Die Präsidenten der BRICS-Länder haben den Außenministern und den Außenämtern insgesamt im Rahmen der Zusammenarbeit bei der UNO in bei anderen internationalen Strukturen aufgetragen, regelmäßig Handlungen zu koordinieren und Einschätzungen auszutauschen und nach Möglichkeit auch gemeinsame Initiativen zu erarbeiten. Das ist ebenfalls ein Schritt vorwärts. Wir haben auch vereinbart, dass sich die Botschafter der BRICS-Länder im Ausland regelmäßig treffen und einen Meinungsaustausch über die Lage in den Ländern pflegen werden, in denen sie akkreditiert sind. Das stellt auch eine ernsthafte und qualitative Vorwärtsbewegung im Rahmen unserer außenpolitischen Wechselwirkung dar.
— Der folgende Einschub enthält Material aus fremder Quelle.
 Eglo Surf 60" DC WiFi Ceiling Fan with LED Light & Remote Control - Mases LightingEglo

Frage: Bedeutet das, dass die BRICS-Länder, die ja ihre Tätigkeit nicht als offizielle Struktur aufgenommen haben, sondern als informeller Staaten-Club, zuerst eine Finanz- und Wirtschaftsvereinigung geworden sind, und dass sie nun auch noch eine politische Gemeinschaft werden?
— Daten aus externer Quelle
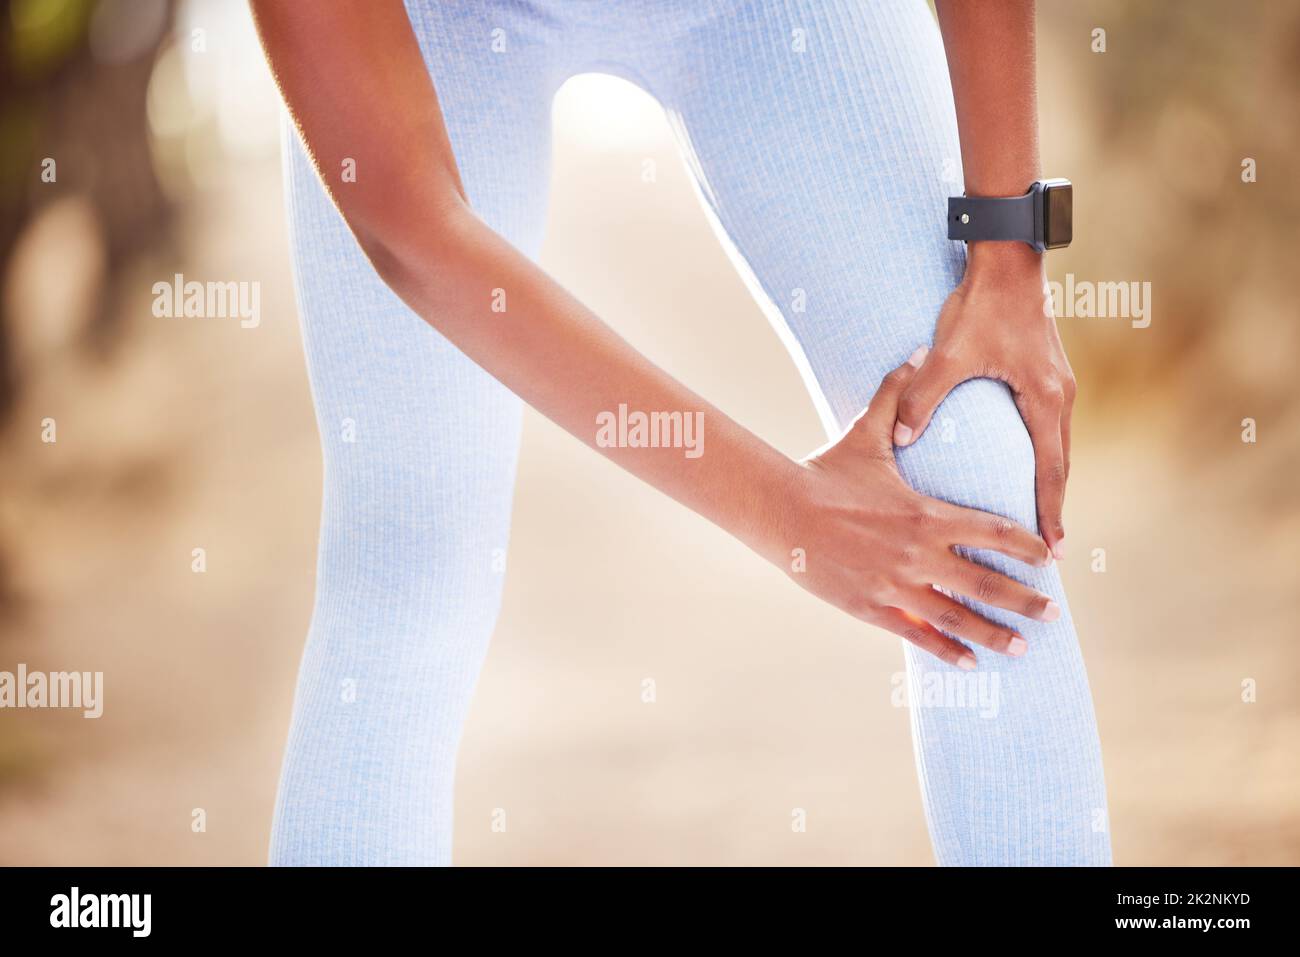 My knee has been acting up. Shot of a woman clutching her knee in pain during a jog. Stock Photo

Sergej Lawrow: Soweit bekannt, ja. Wobei das qualitative „Heranreifen", das „Erwachsenwerden" und die „Mannwerdung" der BRICS-Länder in alle Richtungen vor sich geht. Auf finanziellem und wirtschaftlichem Gebiet ist dies in der Tätigkeit der „G20" zu sehen.
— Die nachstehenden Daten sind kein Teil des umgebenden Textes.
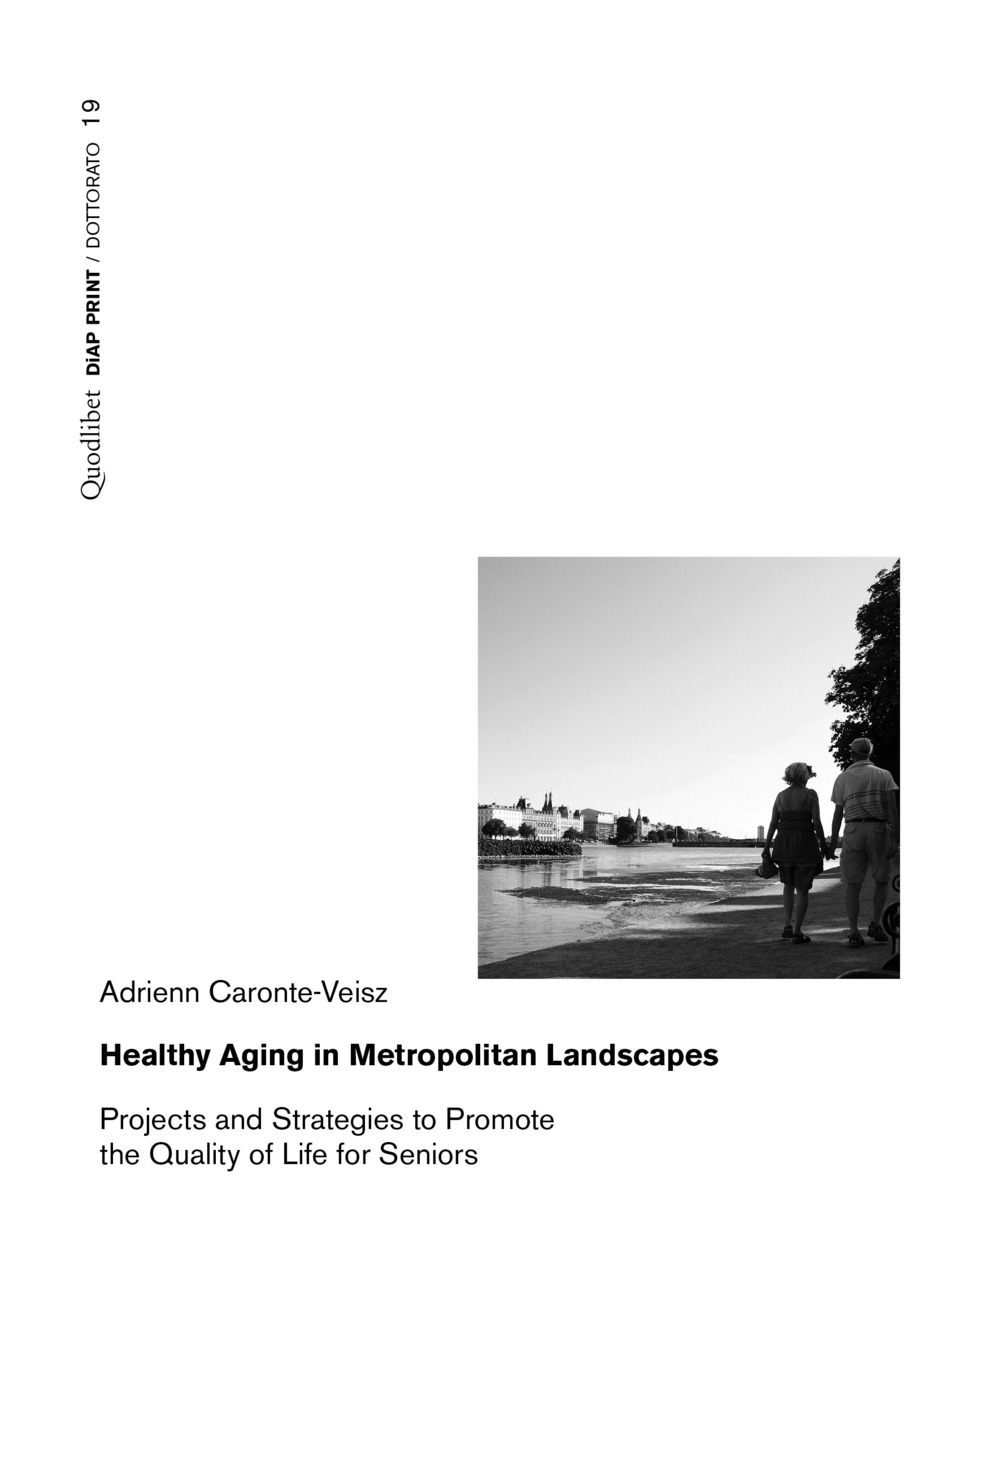 HEALTHY AGING IN METROPOLITAN LANDSCAPES. PROJECTS AND STRATEGIES TO PROMOTE THE QUALITY OF LIFE FOR SENIORS - 9788822906038

Es ist kein Geheimnis, dass unsere Partner in der „G 8" beschlossen haben, sich in diesem Format nicht mehr zu treffen, sie haben die „G 7" wieder aufleben lassen, die im Großen und Ganzen seinerzeit das „Schicksal der Welt" im Bereich der Finanzen und der Wirtschaft entschieden hat, jedoch jetzt nach der Bildung der „G 20" ihre entscheidende Rolle verloren hat, die zur „G 20" gewandert ist, und im Rahmen derer unsere westlichen Partner mit uns, mit den anderen BRICS-Ländern und mit den übrigen Staaten, die dieser Vereinigung angehören und den Großteil der führenden Zentren von Wirtschaftswachstum und Finanzkraft darstellen, Vereinbarungen treffen müssen. Die „G 7"-Länder versuchen im Format der „G 20" aktiv „diese Decke zu sich hinüber zu ziehen", insbesondere im Rahmen der Vorbereitungen auf den Summit in Australien in der Stadt Brisbane. Jene BRICS-Länder, die der „G 20" angehören, haben jedoch ziemlich viele Verbündete. Zum Beispiel solche Länder wie Argentinien, Mexiko und Indonesien sind in Fragen der Reform des internationalen Marktes und des Finanzsystems mit den BRICS-Ländern absolut solidarisch. Einer der zentralen Punkte auf der Tagesordnung des bevorstehenden Summit im November dieses Jahres in Australien ist übrigens die Forderung, dass die Vereinbarungen über eine Reform des Quotensystems im Internationalen Währungsfonds (sie wurden bereits im Herbst 2010 getroffen und werden jetzt von unseren westlichen Partnern strapaziert) trotz allem erfüllt werden. In dieser Situation werden die BRICS-Länder zusammen mit Gleichgesinnten, die ich bereits aufgezählt habe (es gibt auch noch andere Länder, die für dasselbe eintreten), durchsetzen, dass unsere Partner vertragsfähig sind.

Frage: Verstehe ich das richtig, dass sich die „G 20" in zwei Lager gespalten haben, in zwei Kerne – in die „G 7" und in die BRICS-Länder?

Sergej Lawrow: Die „G 20" haben seit Aufnahme ihrer Tätigkeit einerseits die traditionellen Wirtschaften des Westens repräsentiert, die entscheidende Positionen im internationalen Finanzsystem, beim Währungsfonds und bei der Weltbank inne haben. Andererseits waren dort wachsende junge Wirtschaften vertreten, Länder, die Finanzkraft angehäuft haben, mit der auch politischer Einfluss einhergeht. Es ist eine natürliche Situation, dass ein Kompromiss gesucht werden muss. Die Reform, die vor 4 Jahren beschlossen wurde, zielt auf ein stetes Ansteigen der Rolle der neuen, sich entwickelnden Märkte im Leitungssystem des IWF und der Weltbank ab. Diejenigen, die einstweilen die Mehrheit haben, versuchen sich dem zu widersetzen, obwohl sie keine wirtschaftlichen Grundlagen oder sonstige Argumente dafür haben. Ich wiederhole nochmals, die Beschlüsse wurden gefasst und sie sind zu erfüllen.